In any event, this case will most likely have the greatest impact when preliminary injunctions are sought in CEQA litigation based on the same material facts involved in it – i.e., the lead agency conducts no CEQA review whatsoever, not even a preliminary review to determine if the activity constitutes a CEQA “project” or a screening for applicable exemptions if it does.  In such circumstances, the factual record will most likely not have been developed to any degree that would be sufficient to evaluate the likelihood or severity of the project’s potential environmental impacts or harms, but the public harms from the CEQA violations – in terms of lack of informed decisionmaking and failure of informational disclosure – will be at their greatest. 

The lessons for public agencies subject to CEQA who are considering taking any discretionary action – whether by approval of a permit, lease, easement, conveyance, or other “entitlement for use” – that would further or culminate in an activity with the potential to change the physical environment are clear:  (1) be sure to obtain full information about the whole project that your discretionary action will further, enable or facilitate; and (2) be careful to comply with CEQA.
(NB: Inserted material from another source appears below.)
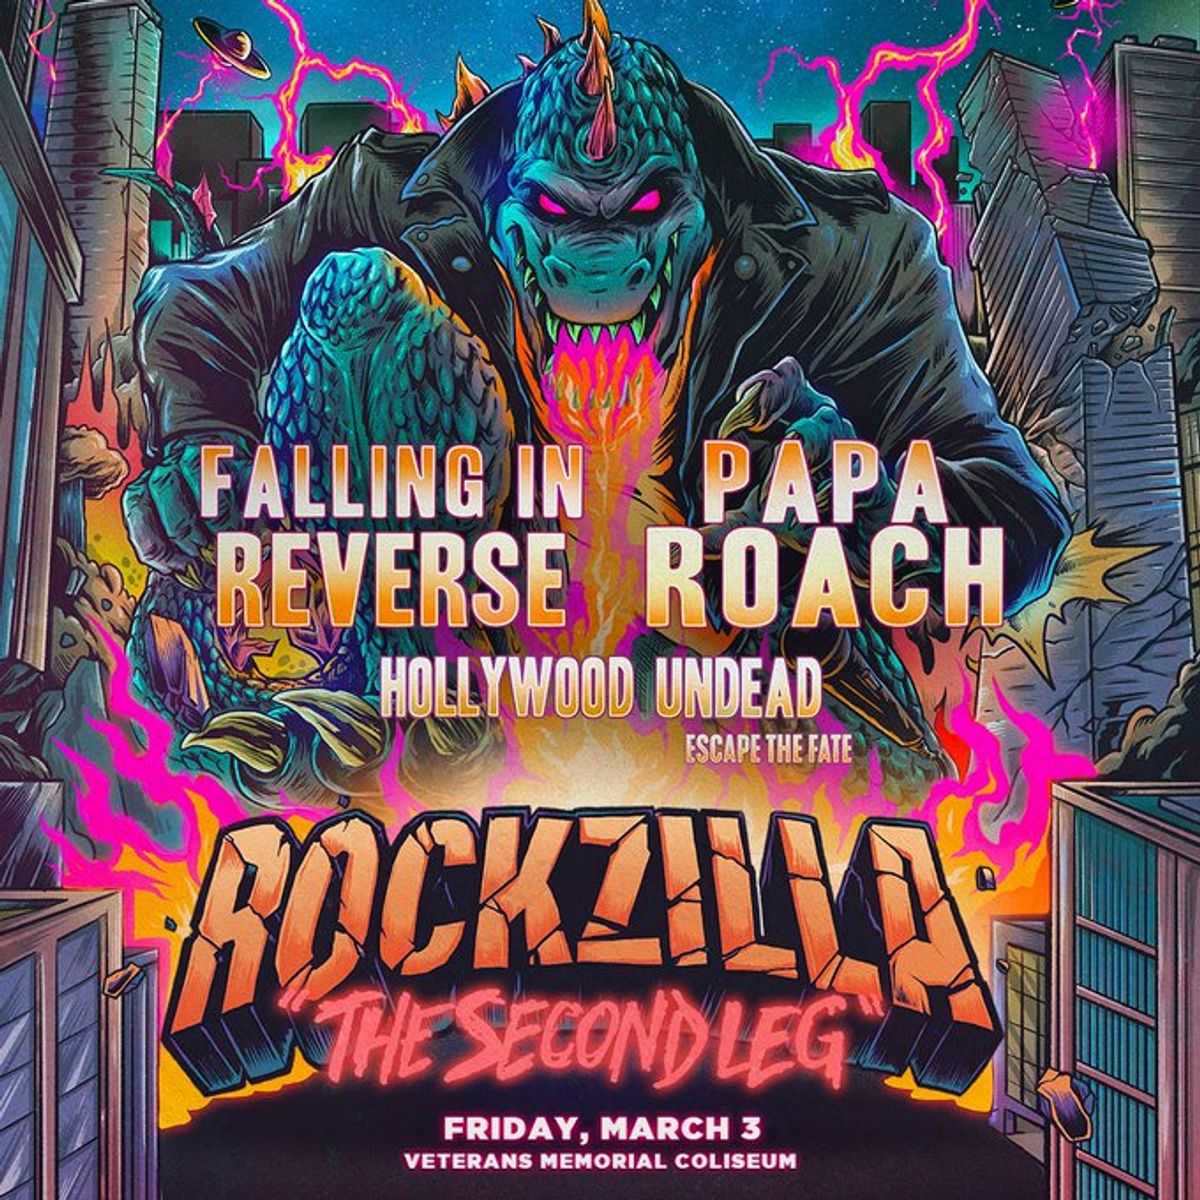 Rockzilla Falling in Reverse, Papa Roach, Hollywood Undead, and Escape

Here, one can glean from the Court’s opinion that Sandridge’s project viewed as a whole potentially had a number of significant environmental effects, including, but not limited to, damage to or interference with the operation of TLCC’s canal, addition of tailwater to a downstream canal, and adverse impacts from transporting groundwater from one basin to another out-of-County basin.  The Court found that, as a lead agency, SPUD had the ability to require feasible mitigation measures as a condition of granting the easement to address such effects; additionally, it could simply have declined to grant the easement.  In any event, because, per the Court, it is virtually certain that TLCC will now prevail in its CEQA action, and Sandridge’s construction of the pipeline project will now be enjoined in the meantime, it appears likely that the issues of potentially significant project impacts and feasible mitigation to address them will now be thoroughly explored assuming that Sandridge wishes to proceed with its pipeline addition.

DISCLAIMER: Because of the generality of this update, the information provided herein may not be applicable in all situations and should not be acted upon without specific legal advice based on particular situations.